Brecht M, Preilowski B, Merzenich M M
Tübingen University, Germany.
Behav Brain Res. 1997 Mar;84(1-2):81-97. doi: 10.1016/s0166-4328(97)83328-1.
We investigated the transduction operation and function of the mystacial vibrissae, using a comparative morphological analysis and behavioral experiments in rats. Vibrissal architecture was documented in a series of mammals to identify evolutionary conserved features of vibrissal organization. As a result of this analysis, we distinguish between a frontal microvibrissal system and macrovibrissal system of the mystacial pad. The latter was invariably comprised of whiskers aligned in regular rows. In each row, whiskers were oriented perpendicular to the animal's rostrocaudal axis; all shared a specific dorsoventral orientation. In all species, progressing from rostral to caudal in any vibrissal row, there was a precisely exponential increase in whisker length. Each whisker appeared to act as a lever-like transducer, providing information as to whether or not--but not where--an individual vibrissa had been deflected. The rat's frontal microvibrissae system was found to have a vibrissa tip density that was about 40 times higher than that of the mystacial macrovibrissae. In behavioral studies spatial tasks and object recognition tasks were used to investigate (a) search behaviors; (b) single whisker movements; (c) object recognition ability; and (d) effects of selective macro- or microvibrissae removal on task performances. A clear distinction between the functional roles of macro- and microvibrissae was demonstrated in these studies. Mystacial macrovibrissae were critically involved in spatial tasks, but were not essential for object recognition. Microvibrissae were critically involved in object recognition tasks, but were not essential for spatial tasks. A synthesis of these morphological and behavioral data led to the following functional concept: The mystacial macrovibrissae row is a distance decoder. Its function is to derive head centered obstacle/opening contours at the various dorsoventral angles represented by vibrissal rows. This distance detector model is functionally very different from traditional concepts of whisker function, in which the mystacial whiskers were hypothesized to form a fine grain skin-like object-recognizing tactile surface.
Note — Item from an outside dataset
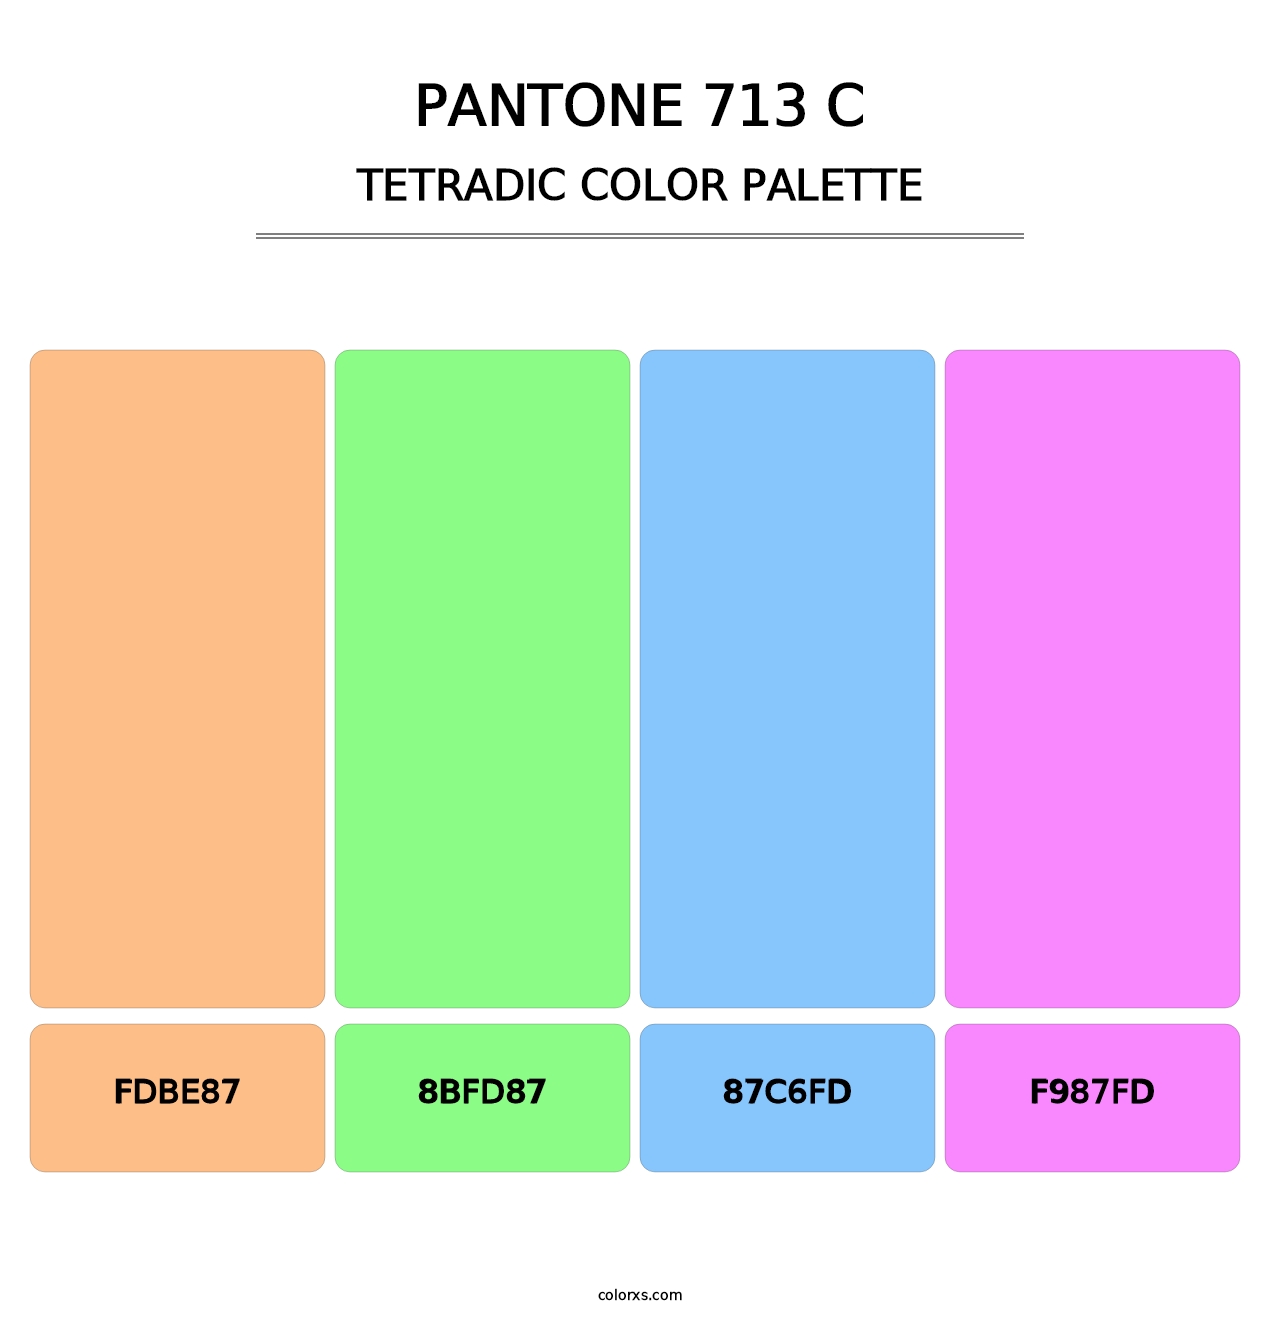 PANTONE 713 C - Tetradic Color Palette

我们通过对大鼠进行比较形态学分析和行为实验,研究了口鼻部触须的转导操作及功能。记录了一系列哺乳动物的触须结构,以确定触须组织在进化过程中保守的特征。通过该分析,我们区分了口鼻垫的额部微触须系统和大触须系统。后者总是由规则排列成行的须毛组成。在每一行中,须毛垂直于动物的头尾轴排列;所有须毛都具有特定的背腹方向。在所有物种中,在任何一行触须中从吻端向尾端移动时,须毛长度都精确地呈指数增长。每根须毛似乎都起到杠杆状换能器的作用,提供关于某一根触须是否被偏转的信息,但不提供其被偏转位置的信息。发现大鼠的额部微触须系统的触须尖端密度比口鼻部大触须的密度高约40倍。在行为研究中,使用空间任务和物体识别任务来研究:(a)搜索行为;(b)单根触须的运动;(c)物体识别能力;以及(d)选择性去除大触须或微触须对任务表现的影响。这些研究表明大触须和微触须在功能作用上有明显区别。口鼻部大触须在空间任务中起关键作用,但对物体识别并非必不可少。微触须在物体识别任务中起关键作用,但对空间任务并非必不可少。这些形态学和行为学数据的综合得出了以下功能概念:口鼻部大触须排是一个距离解码器。其功能是在由触须排所代表的不同背腹角度处得出以头部为中心的障碍物/开口轮廓。这种距离探测器模型在功能上与传统的触须功能概念有很大不同,在传统概念中,口鼻部触须被假定形成一个类似精细皮肤的物体识别触觉表面。